The Most Uncomfortable Moments of the Game Developer’s Conference
I wish I’d gone to the Game Developer’s Conference last week. I didn’t even know they had an expo space open to the public until it was wrapping up. I could have brought back some quality anecdotes like these.
- Goichi Suda (Killer 7, No More Heroes) asks Emil Pagliarulo if Bethesda Softworks would set an installment of the postnuclear Fallout series in Japan. Pagliarulo replies, “Well, what can we destroy in Japan?” to which Suda can only say “Wow…” after an awkward silence.
- Writer and game critic Heather Chaplin went off on the whole video game industry at a panel.
“It’s not that the medium is in its adolescence, it’s that you’re a bunch of ****ing adolescents,” she said. “It’s even worse because you’re technically supposed to be adults.” Chaplin traced the paucity of more mature content in games to four basic ideas that frighten men the most: responsibility, introspection, intimacy, and intellectual discovery. She described game developers in terms of neoteny, an idea from developmental biology that describes adults of a species who have juvenile traits.
That’s crossing the line, Heather. It’s one thing to call everyone in the industry a giant manbaby, but you leave the axolotls out of this.
- Speaking of awkward silences, Chris Kohler over at Wired asked Square-Enix folk about the PS3.
“The Last Remnant,” I said, “was originally announced to be Square Enix’s first multi-platform game. But the PlayStation 3 version hasn’t come out yet. Is it still happening?”
Silence.
No one wants to speak. Finally, someone ventures: “Well, the PC version came out this week.”
Me: “Yes, it did.”
More silence. Everyone’s kind of glancing around.

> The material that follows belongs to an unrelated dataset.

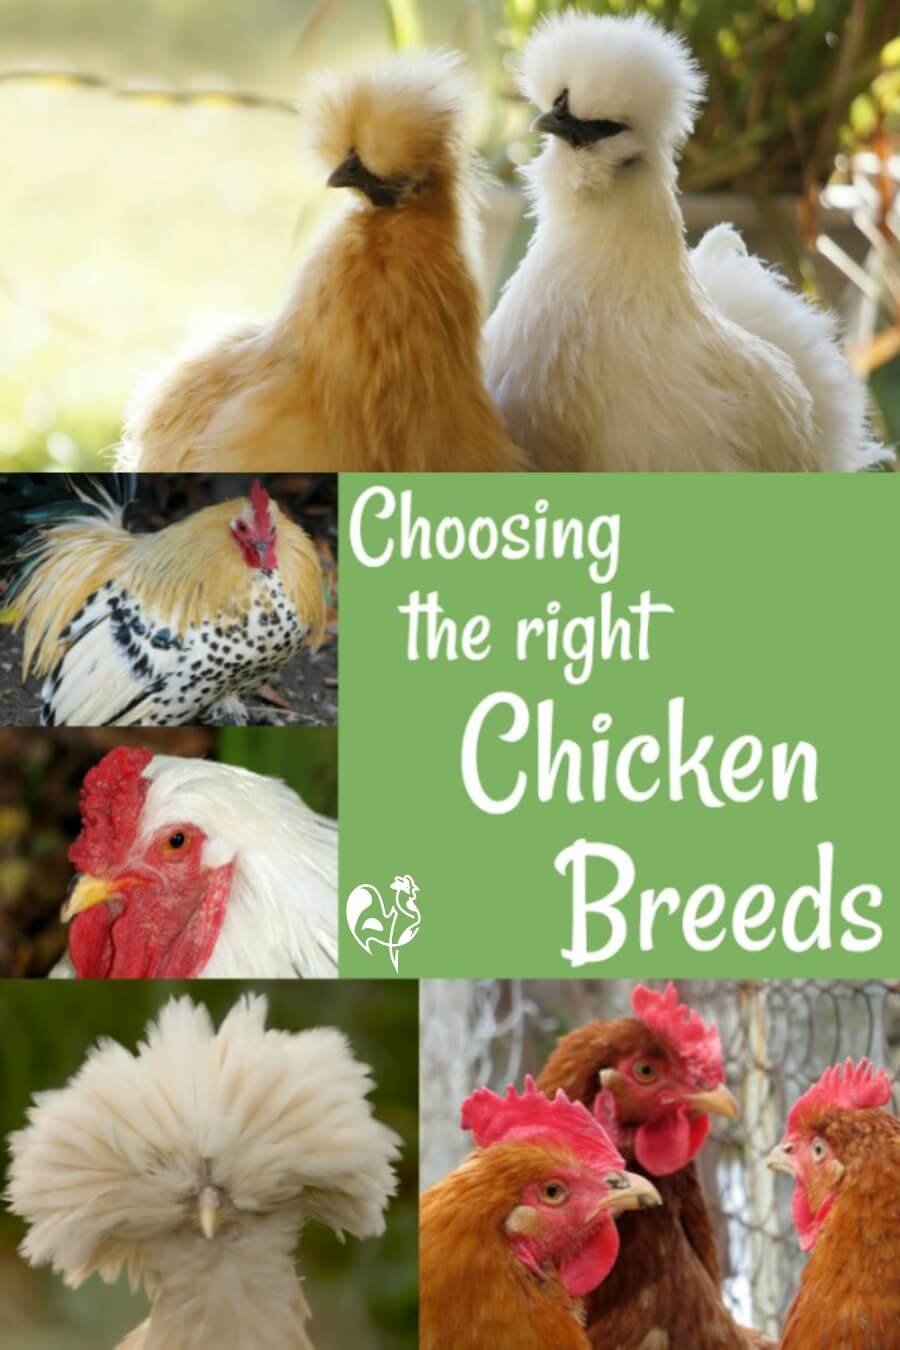 chicken breeds

Takai: “Well, as for the PS3 version, I can’t say anything about that.”
Me: “Alright, then.”
- Adam Saltsman shed some light on the iPhone game market.
But from their experiences, these guys have gained a key insight: “I think quality is largely irrelevant,” said Saltsman, whose newest iPhone game is about popping zits. “I think the defining thing is how quickly you can describe your product to someone else.”
I have to admit, I kind of suspected.